I suspect (but confess I haven’t checked yet) that there are some possible optimisations to this basic framework – these may have already been described in the literature.  The most obvious three, to me are:

  Allow the local search to work in both directions from the chosen location.  Negative offsets will look backwards through feature space, and a 0 offset will have to check for both the 0^th element and the last element.

  When an agent gets its new location from an active agent, allow it to land nearby if there are already a certain number of agents in one spot.  If the search space had a lot of repeated elements (say “aaaaaaaaaah”) and the required string also had a similar high frequency of a particular element (“hahahahahahahahahah”), then there is an unpleasantly high chance of getting false matching.  Allowing agents to miss by a fraction would, I believe, help reduce the risk of this.
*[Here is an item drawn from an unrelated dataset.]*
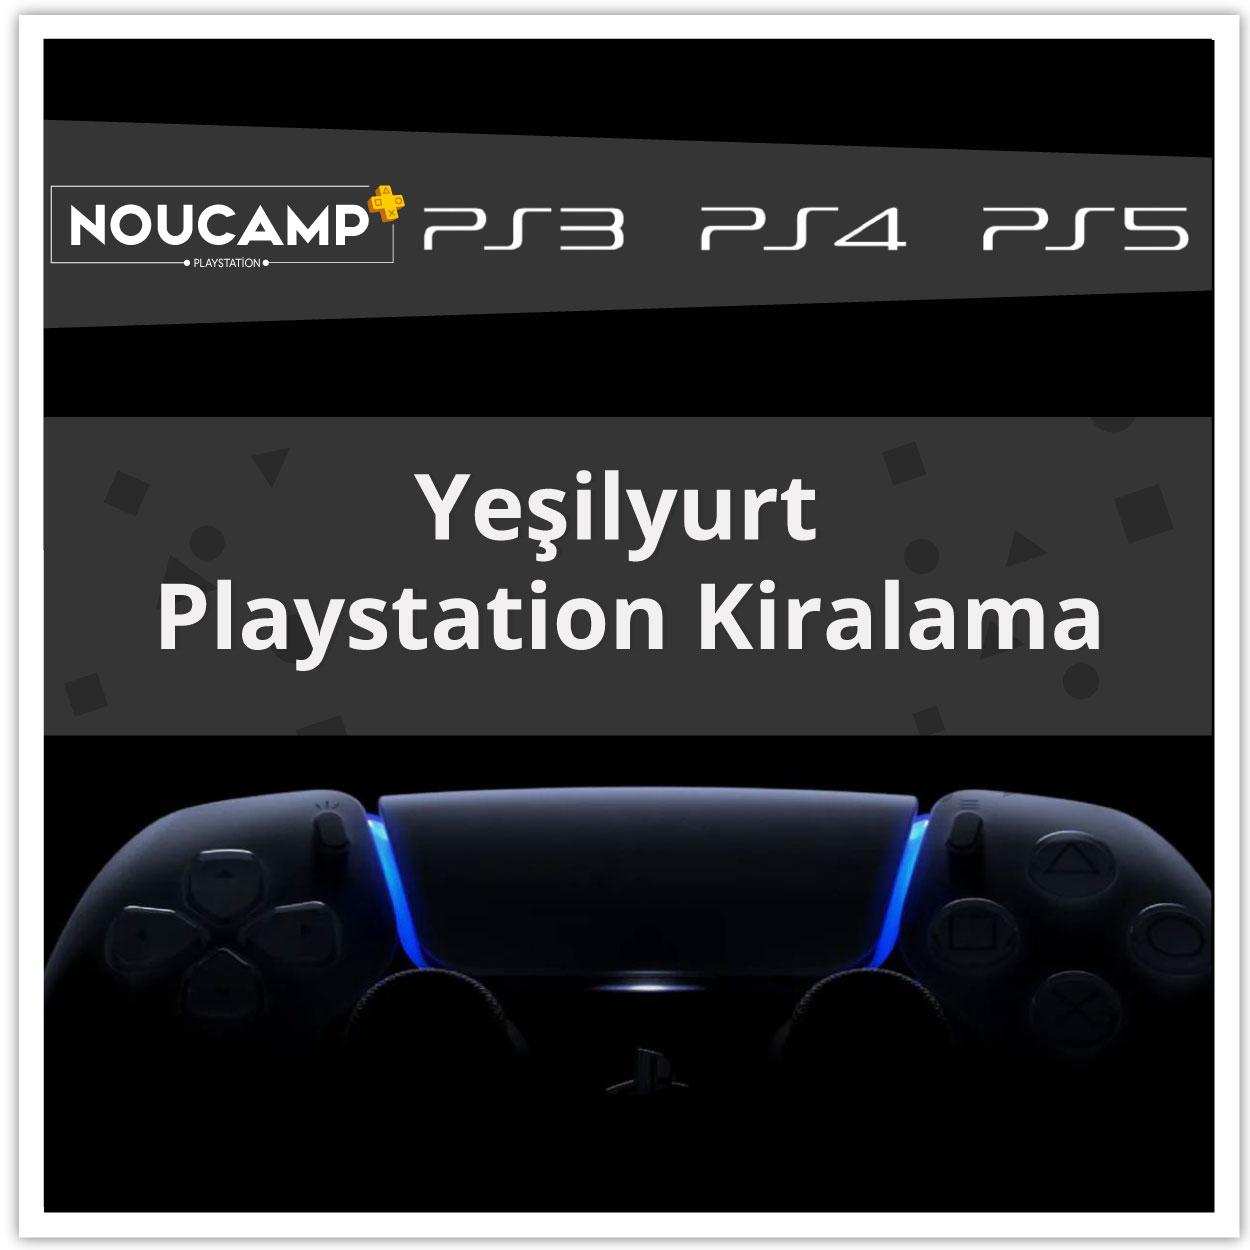 Yeşilyurt PlayStation Kiralama

  If you have a certain number of agents in one place, remaining active for a reasonable number of turns, check if they are really on the solution.  Of course, if an exact match doesn’t appear in the search space you don’t want to lose the close match you have found, as it may be the best you can do, but you probably also want to make sure some agents are still out there exploring (actually, I seem to remember something similar to this in the method… I really should check!)

 

Anyway, that is a brief introduction, by means of an example which fails to find the solution in the number of iterations I am prepared to type out, of Stochastic Diffusion Search.  It is certainly something I am exploring further at the moment.